To make informed decisions, one needs to understand the world in which those decisions are being made: the current task state. Both the orbitofrontal cortex (OFC) and the hippocampus (HPC) have been implicated in representing task state, but the nature of these representations, and what role each region plays, remains unclear. Recent work from our lab showed that HPC-driven neural oscillations in OFC are critical for value-guided decision making, and that value states in OFC oscillate during the deliberation process. We hypothesized that (1) both HPC and OFC robustly and flexibly represent task state while primates learn and make decisions, and (2) value state dynamics in OFC are shaped by theta oscillations originating from HPC.

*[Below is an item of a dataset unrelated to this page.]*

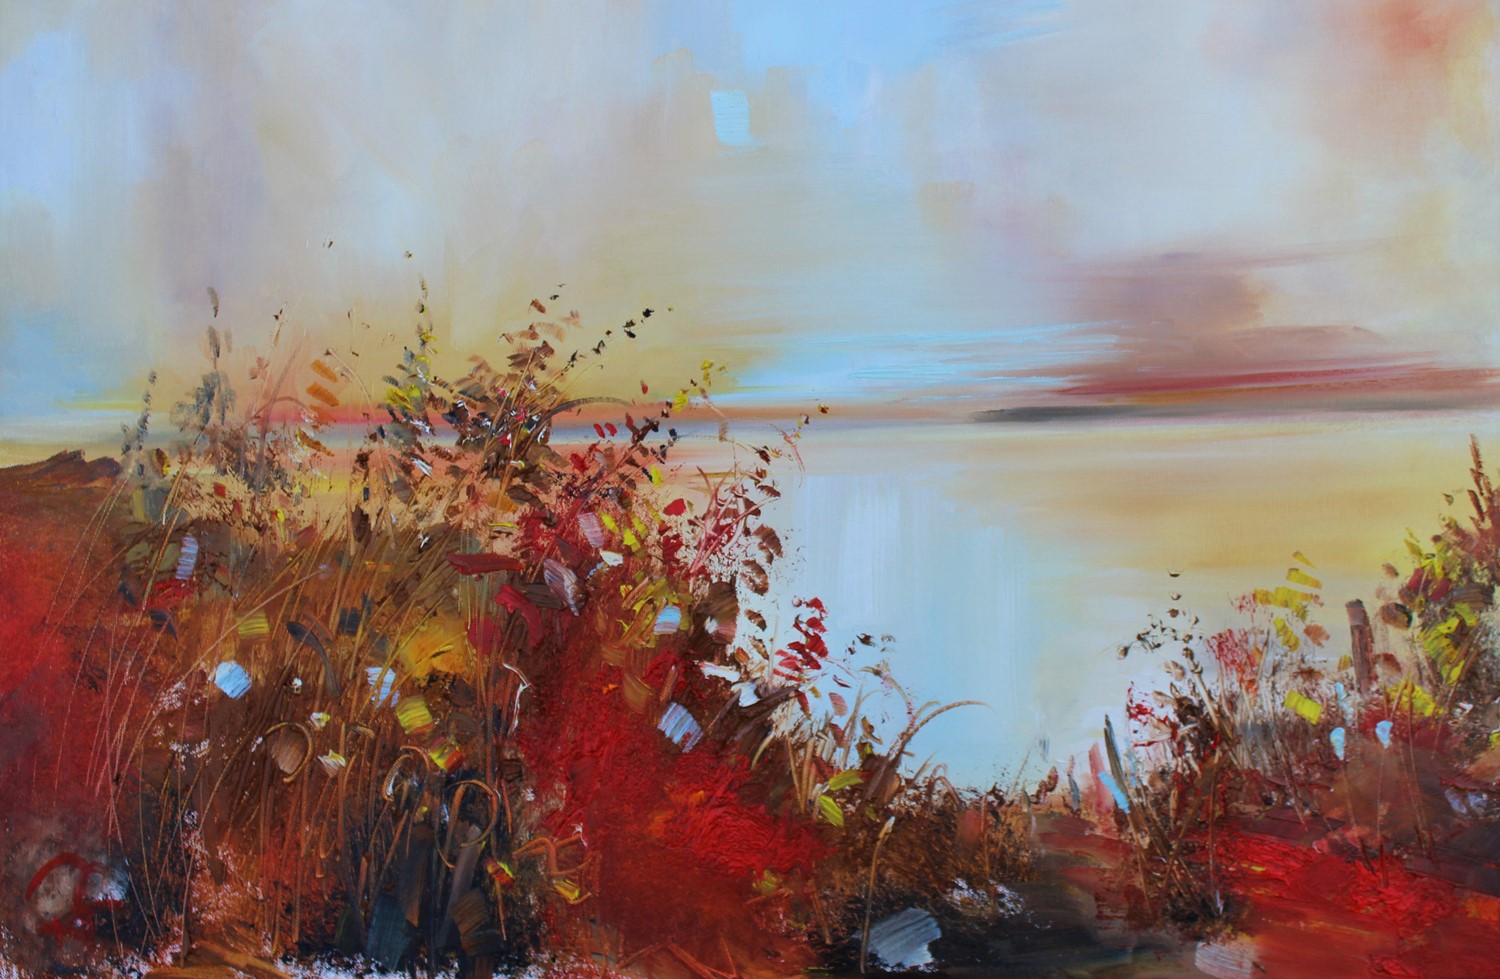 'Through bracken and wild reeds' by artist Rosanne Barr
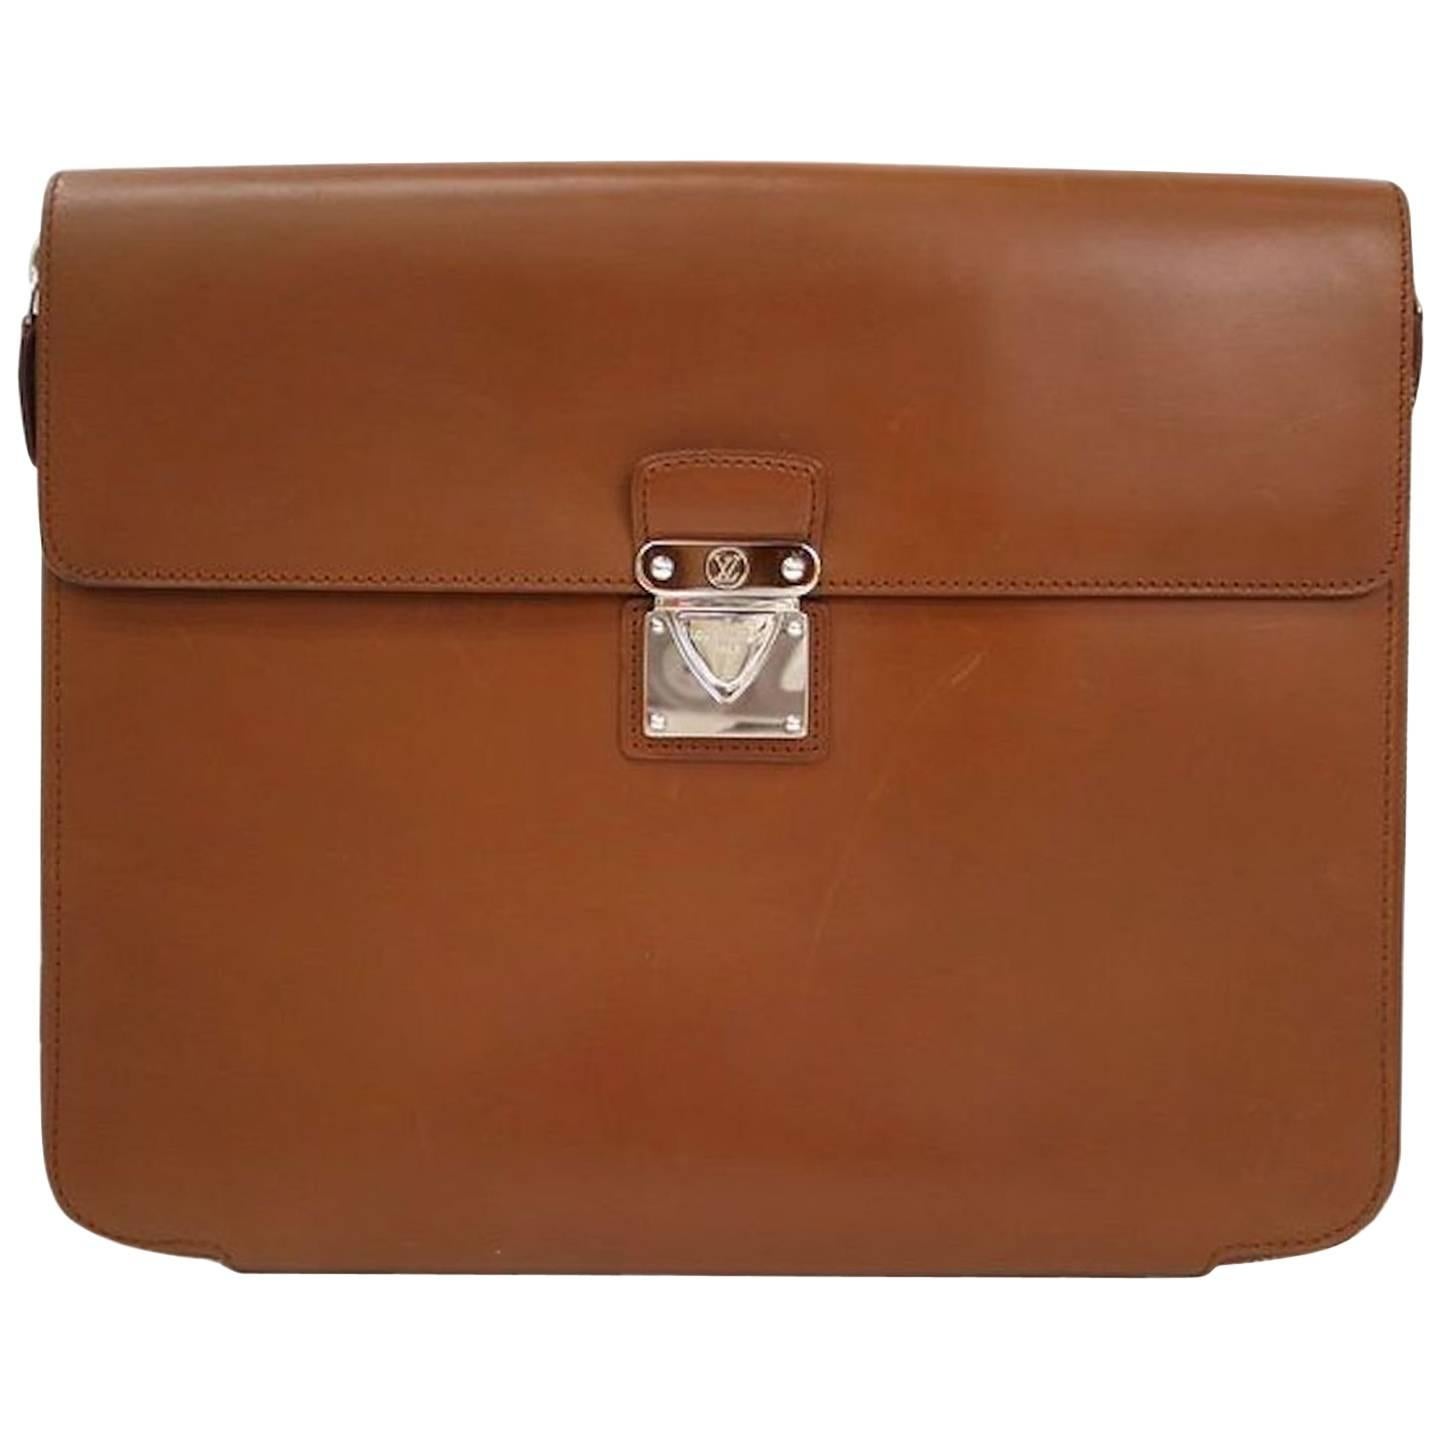 Louis Vuitton Cognac Leather Silver Men's Travel Attache Tech Business Case Bag

We simultaneously recorded large populations of neurons from OFC and HPC while two monkeys performed a probabilistic reversal learning task, where reward contingencies could be captured by two task states. Using population-level decoding, we found neural representations of task state in both OFC and HPC that remained stable within each trial but strengthened with learning as monkeys adapted to reversals. Subjects also appeared to use their understanding of task structure to anticipate reversals, evidenced by anticipatory neural representations of the upcoming task state. We then decoded representations of option values from OFC neurons recorded from two other monkeys performing a value-based decision-making task. Relating decoded state dynamics to theta-filtered LFP signals in OFC, we found that value states switched independent from theta cycles, suggesting that a mechanism other than HPC-driven theta oscillations shapes the dynamics of deliberation.